La Fragmentación de la Burocracia Soberana en Europa
A medida que Office.eu hace su debut en La Haya, Francia y Alemania ya han tomado la delantera en el desarrollo de soluciones de ofimática soberana. La DINUM (Dirección Interministerial del Númerico) de Francia ha comenzado el despliegue de LaSuite para más de 500,000 agentes públicos, con el objetivo de extender este uso a todos los servicios del Estado para 2027. Esta herramienta integra Tchap para mensajería, Visio para videoconferencias, Docs para edición colaborativa y un asistente basado en Mistral AI.

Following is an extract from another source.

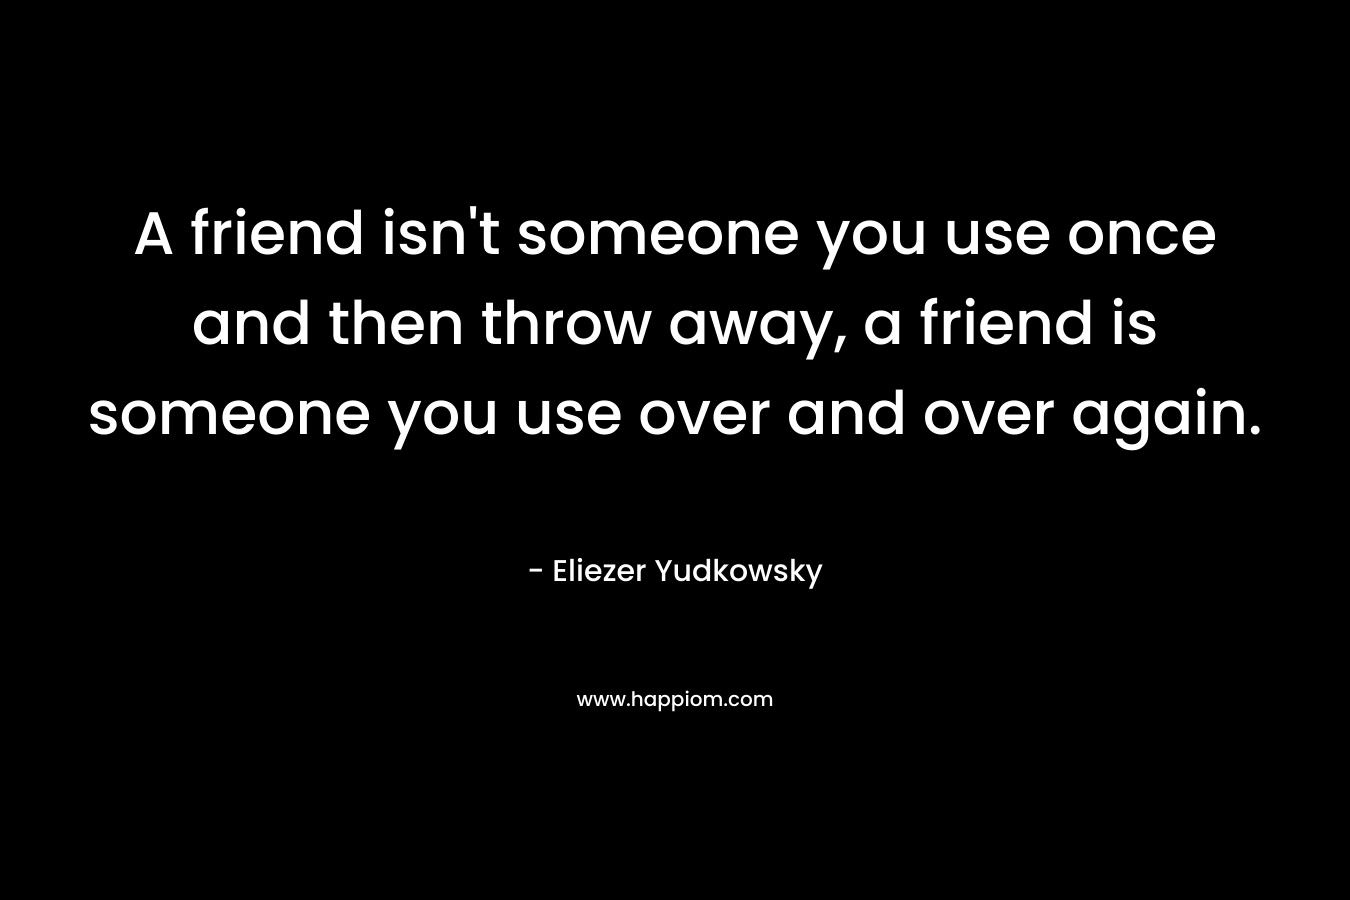 A friend isn’t someone you use once and then throw away, a friend is someone you use over and over again. – Eliezer Yudkowsky
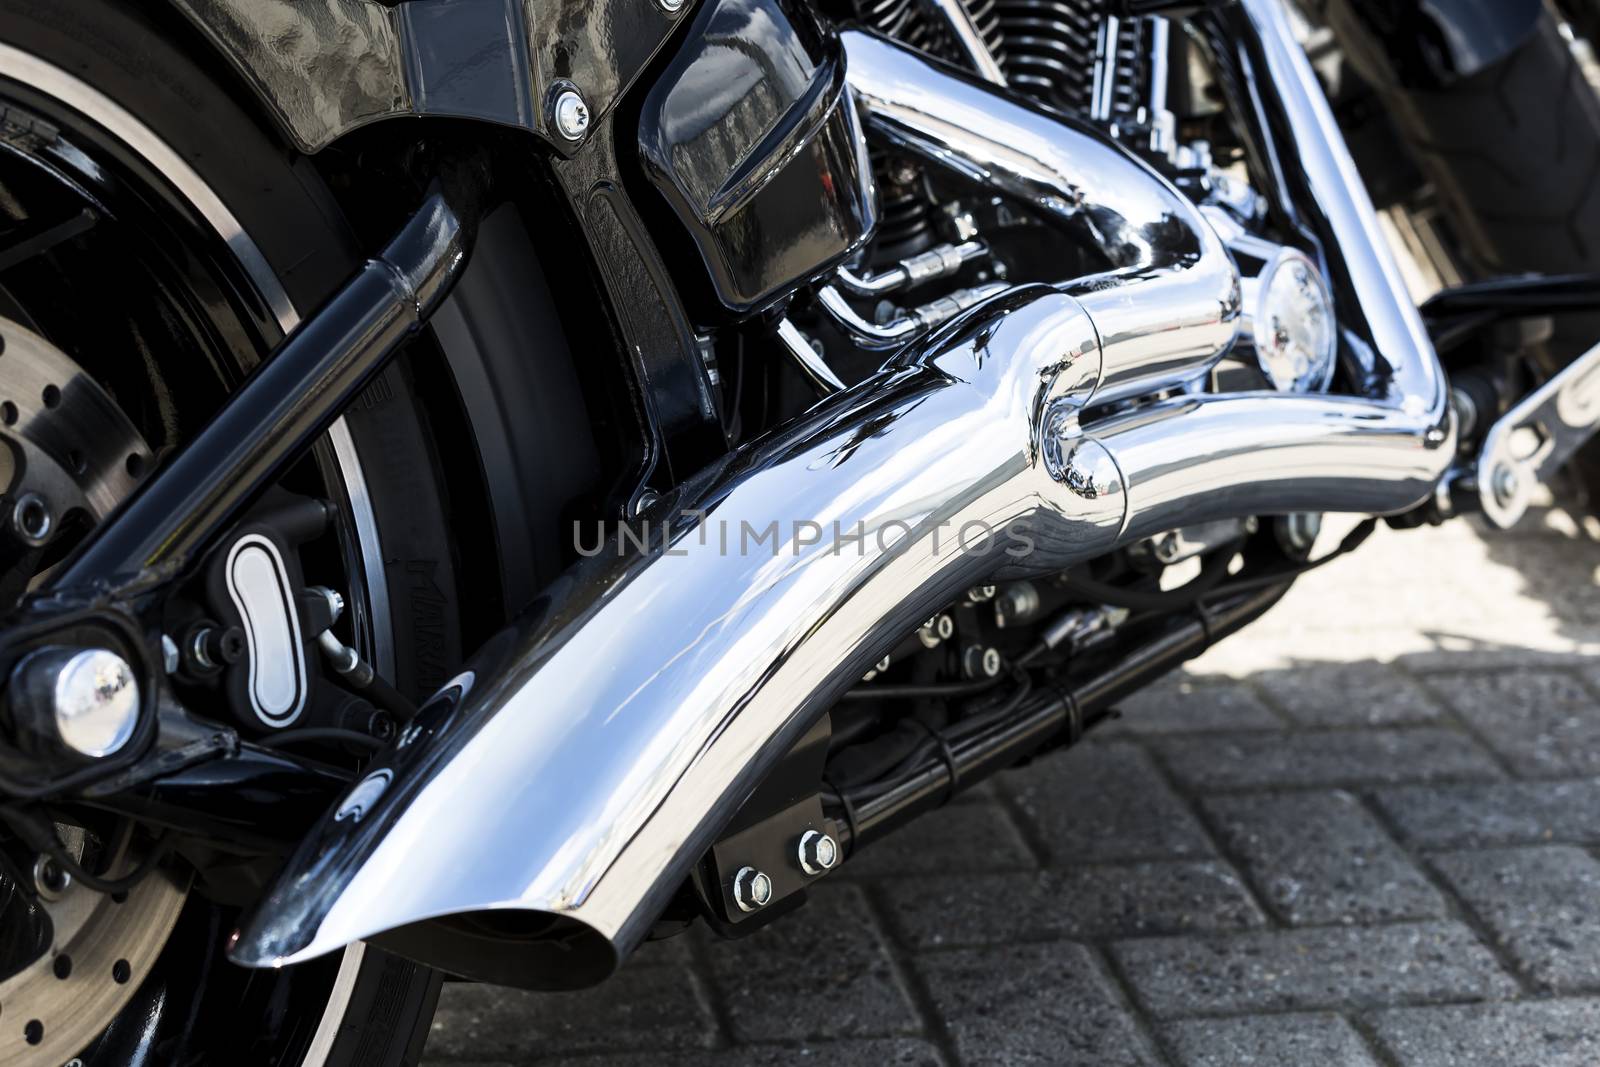 chromium on engine of the motorcycle

Los Avances Alemanes con openDesk
En Alemania, el ZenDiS, una estructura federal dedicada a la soberanía digital, avanza con openDesk desde enero de 2024, invirtiendo aproximadamente 45 millones de euros. Aunque este presupuesto puede parecer modesto (representa solo el 0.1% de lo que se destina anualmente a software propietario), su adopción avanza rápidamente. Mientras tanto, el estado federal de Schleswig-Holstein está migrando decenas de miles de puestos hacia esta nueva suite.
Cooperación Limitada
¿Y qué hay de la cooperación entre estos esfuerzos? Oficialmente, la DINUM y ZenDiS colaboran desde 2024, logrando agregar funciones como videoconferencia y autenticación única a sus respectivas suites. No obstante, cada país mantiene su propia infraestructura, gobernanza y prioridades. LaSuite y openDesk comparten algunas herramientas similares, como Nextcloud y el protocolo Matrix, pero no son interoperables. Esto significa que un agente francés usando Tchap no puede comunicarse con un funcionario alemán en Element.
Diversificación en Francia
Francia no depende de una única herramienta. En el marco de France 2030, el Estado también financia iniciativas como Wimi, Interstis, y Jamespot, cada una ofreciendo su propia visión de la suite colaborativa soberana. Si bien la intención es alentadora, la realidad es un mercado fragmentado donde las empresas luchan por entender el panorama, dispersando recursos públicos en el proceso.
El Desafío Frente a Gigantes como Microsoft
El verdadero desafío radica en que empresas como Microsoft y Google ofrecen soluciones unificadas y fácilmente accesibles a nivel global. Mientras tanto, Europa se encuentra produciendo múltiples alternativas nacionales y privadas, construidas sobre bases similares, pero sin un estándar común. Esto genera que cada país avance a su propio ritmo y con sus propios recursos, complicando aún más la cohesión en el continente.
Nuevas Estrategias y Enfoques Híbridos
Además, hay esfuerzos como Bleu Cloud en Francia, que buscan albergar Microsoft 365 en servidores soberanos certificados. Esta opción híbrida, aunque criticada por quienes defienden la soberanía plena, atrae a organizaciones que dependen de las funcionalidades de Microsoft.
La Barrera Política
El problema de fondo es tanto político como técnico. La soberanía digital en Europa se concibe todavía como un asunto nacional. Cada país busca controlar sus propios datos, servidores y soluciones tecnológicas, lo que frena la creación de un estándar continental. Gaia-X, el proyecto de cloud federado franco-alemán, que debía ser un hito en esta cooperación, ha tenido un progreso lento y sigue siendo más un consorcio de buenas intenciones que una infraestructura operativa.
Conclusión
A pesar de que Europa cuenta con múltiples alternativas a las soluciones de Microsoft, lo que realmente falta es un consenso y una voluntad unificada para elegir una dirección. Sin una estrategia común, la fragmentación en la soberanía digital probablemente continuará, dificultando el avance hacia una burocracia más cohesionada y eficiente.